Foram publicadas, no dia 13 de fevereiro, as novas tabelas de retenção na fonte do IRS para 2012. Ao contrário dos anos anteriores, o corte nos subsídios de Natal e de férias aos funcionários públicos obrigou à publicação de uma tabela separada, na qual o cálculo do imposto a reter levasse em conta apenas os 12 meses de salário realmente auferido, e não os 14 meses como anteriormente.
Relativamente aos pensionistas, a necessidade de publicação de tabelas diferenciadas não se verifica, uma vez que os cortes são transversais, aplicando-se a todas as pensões. Desta forma, as tabelas VII, VIII e IX, deverão já incluir, na forma de cálculo das taxas a reter, 12 meses e não 14.
Tanto no caso dos pensionistas como nos funcionários públicos, as novas formas de cálculo, baseadas em 12 meses, deveriam dar lugar a uma redução do imposto mensal a reter. No entanto, embora isso se verifique no caso dos funcionários públicos, o mesmo não se pode dizer dos pensionistas, a quem são agora aplicadas taxas de retenção superiores às existentes anteriormente.
Exemplos concretos permitem concluir isto mesmo: um funcionário público, não casado, com um rendimento mensal de 939 euros era obrigado a reter, em 2011, 8% do seu salário. Em 2012, esta taxa passou para 7.5%. Com um rendimento mensal de 1683 euros, a taxa de 15.5% altera-se para 15%.
Se o mesmo exemplo for aplicado aos pensionistas a situação altera-se: um pensionista, não casado, com um rendimento mensal de 939 euros retinha, em 2011, 4% da pensão. Em 2012 esta taxa passou para 5%. Com uma pensão de 1683 euros a retenção passou de 13% para 14%.
A mesma situação, demonstrada pelas situações concretas acima descritas, aplica-se à generalidade dos casos.
Importa assim perceber quais os motivos que justificam, no caso dos pensionistas, também sujeitos ao corte dos subsídios de férias e natal, o aumento das taxas de retenção na fonte.
Recorde-se que a aplicação de taxas mais elevadas que o imposto realmente devido implica uma diminuição do rendimento disponível destes pensionistas, com importantes impactos no seu poder de compra mensal. Na sua larga maioria, a pensão é o único rendimento destes cidadãos, e os baixos valores auferidos tornam proibitiva uma redução ainda maior dos rendimentos por via de uma retenção excessiva.
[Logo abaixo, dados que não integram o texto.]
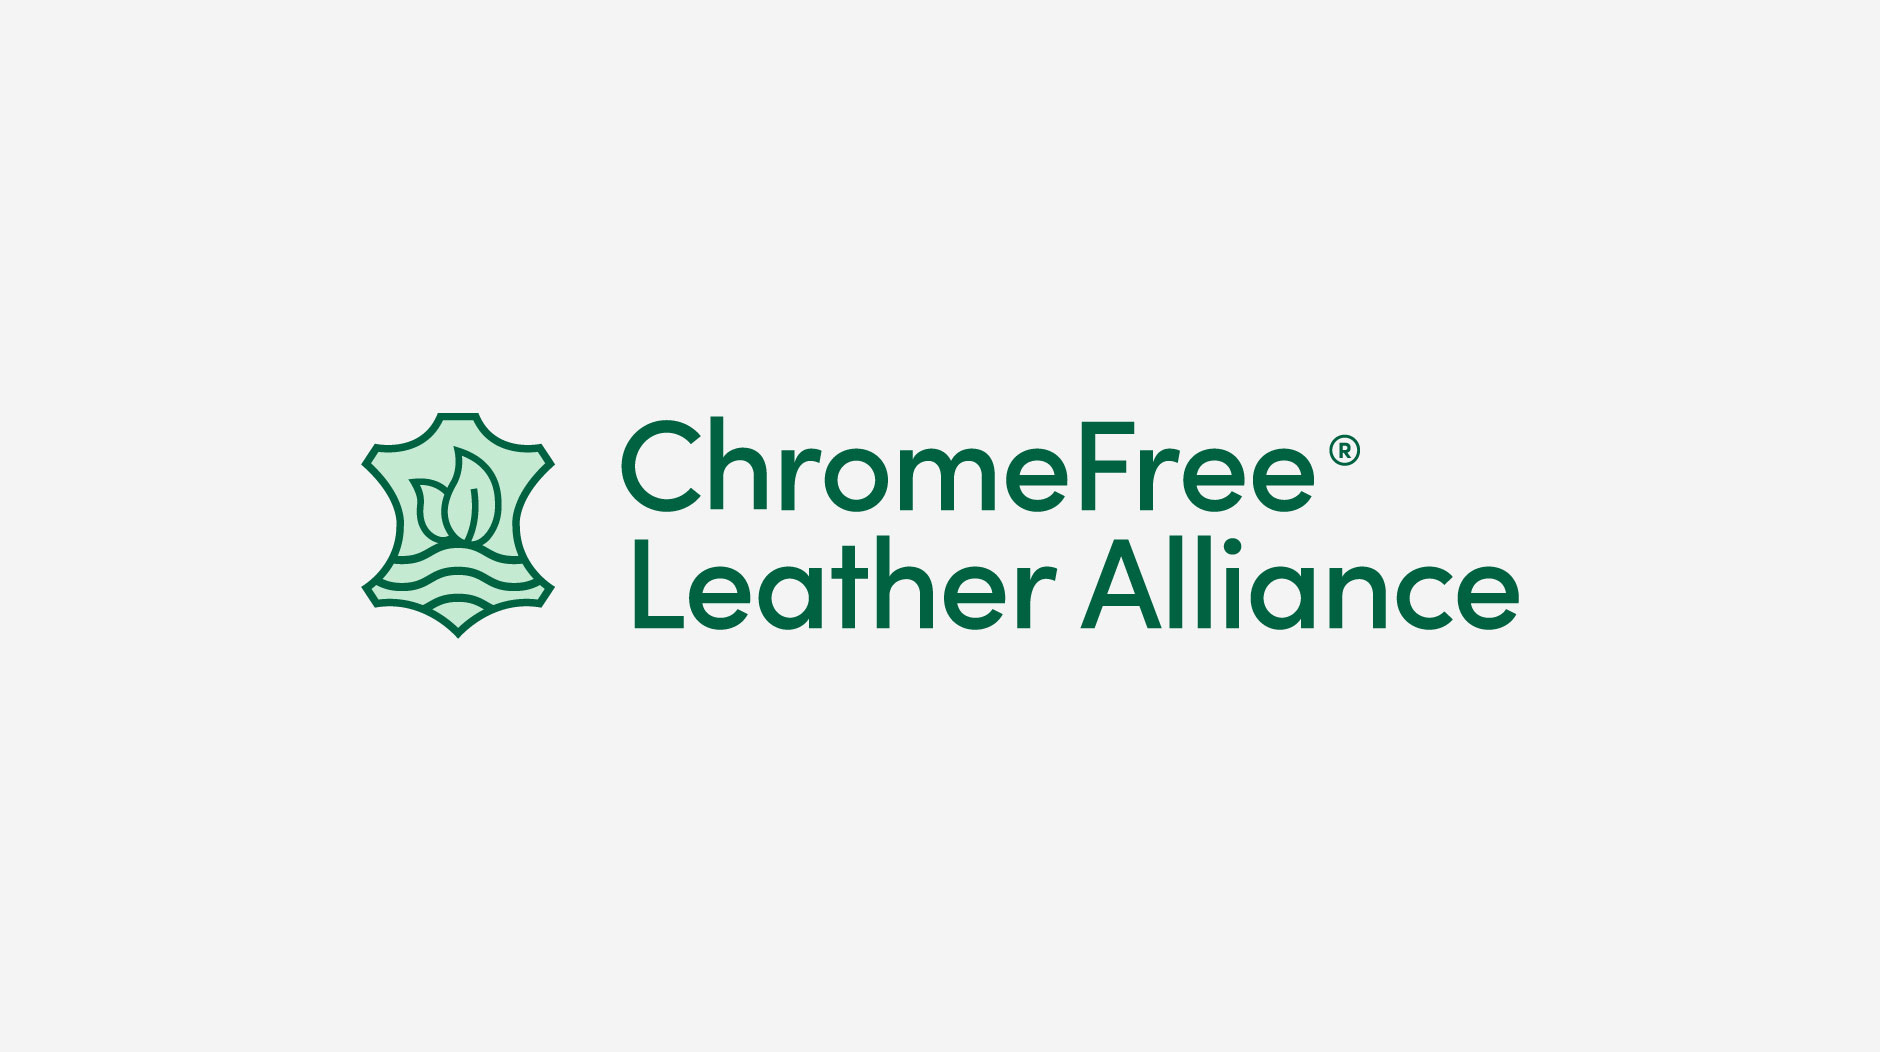 ChromeFree green logo lockup on an off-white background

Atendendo ao exposto, e ao abrigo das disposições constitucionais e regimentais aplicáveis, o Grupo Parlamentar do Bloco de Esquerda vem por este meio dirigir ao Governo, através do Ministério do Estado e das Finanças, a seguinte pergunta:
Quais os motivos que justificam o aumento das taxas de retenção de IRS aplicáveis aos pensionistas?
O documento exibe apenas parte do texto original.